月白の風

 国境の町の人の流れは目紛しく、穏やかとは程遠い活気に溢れた通りは、 どこか居心地の悪ささえ感じるほどに、毎日違った様相を見せる。
 通りを行き交うのは、目的を携え行き先を見据える人々と、目的を失い行き先を見失った人々。 彼等は互いを牽制しながら、その両極の感情をこの町にいくつも落としていく。
 人目につく軍服を脱いで軽装に着替えたリーグは、この先必要な物を揃える為に店先を覗きながら、 行き過ぎていくそんな人々の会話にしばらく耳を傾けていたが、 少し離れた所を同じように歩く姿に視線を向け、ゆっくりと声の届く場所まで近寄った。
「なぁ、やっぱり一人で置いてくるのはまずかったんじゃないのか?」

 町に買い出しに出かける事をリーグが提案した頃、影が足元に短く落ちていたが、 まだヴィルダはベットの中で一人深く眠りこんでいた。
 ヴィルダにとって旅はもちろんの事、森の外に出て人に会う事は、 およそ十年振りくらいの事になる。道中見るもの聞くものその全てが、 産まれて初めて覗き込んだ万華鏡のように、目紛しく色鮮やかに変化し続けていたのだろう。 ようやく落ち着いて眠れる場所に辿り着き、柔らかな布の感触に触れた時、 一気に押し寄せた疲れがもたらした深い眠りを、甘受してしまったのは仕方の無い事。
 だが、ヴィルダの目が覚めるまで待とうと言うリーグの言葉に、 フェトーは考える間もなくそのまま置いて行くと答え、結果、二人は彼女を一人宿の部屋に残したまま、 こうして人混みの中を歩いていた。

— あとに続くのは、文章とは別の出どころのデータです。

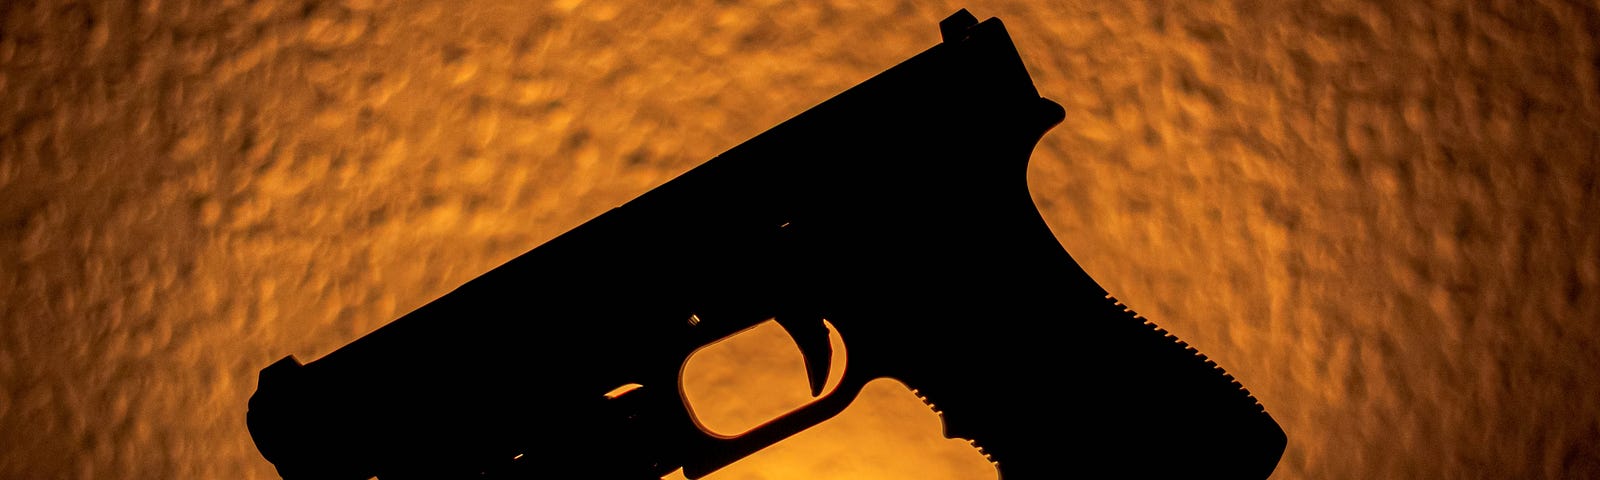 The silhouette of a handgun against an orange background.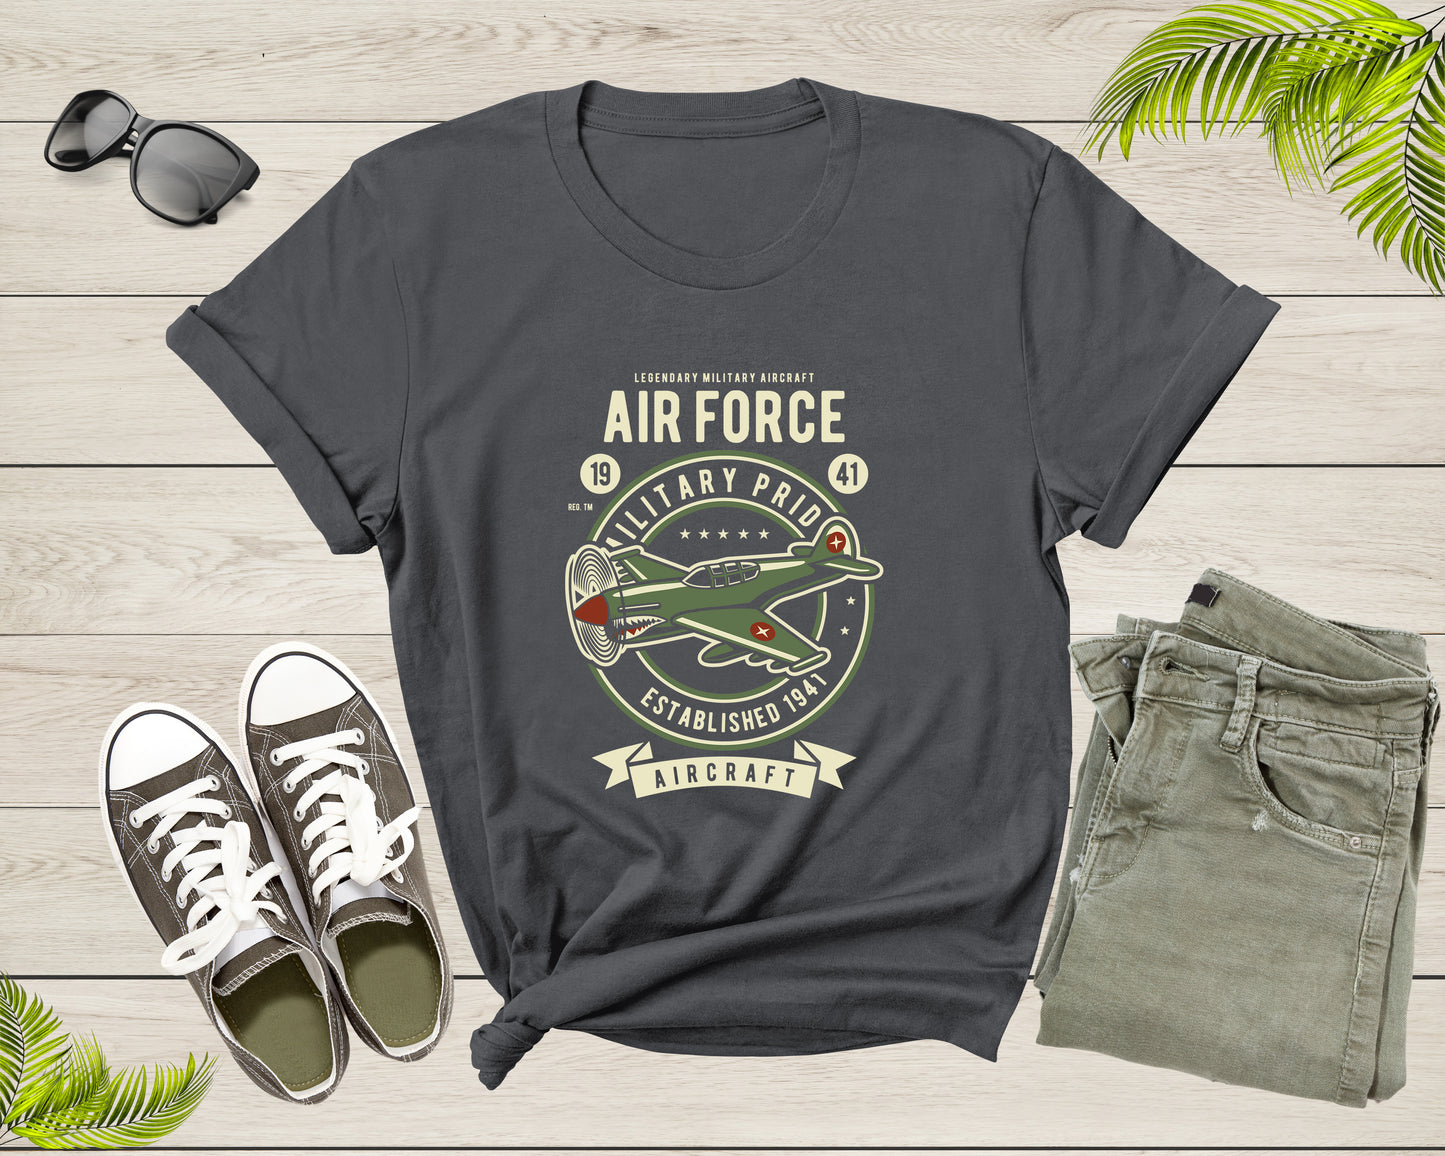 Legendary Military Aircraft Air Force Aviation Airplane Fly T-Shirt Airplane Lover Gift T Shirt for Men Women Kids Boys Girls Tshirt

「しっかし、お前がヴィルダを置いて行くとは思わなかったぜ」
「心配しなくても、ちゃんと見張りはつけてある」
「見張り?」
 心当たりが思いつかない様子のリーグの言葉に、フェトーは目を細めると、 人差し指を立てて短く言葉を呟く。 と、不意に辺りを暗闇が包み込み、全ての光と音が奪われる。 その様子にリーグが思わず身構えた次の瞬間、 何事もなかったかのように闇は光の中に掻き消え、通りは人々の喧噪で埋め尽くされた。
 そんな驚く間もない程の一瞬の出来事に、呆気にとられたまま立ち尽くしていたリーグは、 目の前で口許を緩めるフェトーの顔を眺めると、 今、何が起きたのかを理解して肩をすくめた。
「あーなるほどね……しかしこういうのはできれば口で説明してくれ」
「一番わかりやすい方法だろう?」
「いや、見えないものに襲われるのって、マジで焦るから」
「なんだ? お前も『見た』事はないのか」
 そう言いながらフェトーはリーグの顔を眺めると、 その翠色の双眸を暫く見つめてから、小さく息を吐いて視線を外す。
「『あの』ギュミルの騎士なら一度や二度は見た事があるのかと思っていたが」
「んなもんあるわけねーだろ、今みたいに『感じる』事は何度かあったけどな」
 人間にとって精霊とは、現実の世界に存在する自分達よりもむしろ、 お伽噺の中に登場する者達に近い存在。 まるで夢の中で会った気がしたり、どこかで誰かに見られている気がしたり、 話しかけられている気がするという様に、朧げで不安定な感覚でしか感じる事はできない者達。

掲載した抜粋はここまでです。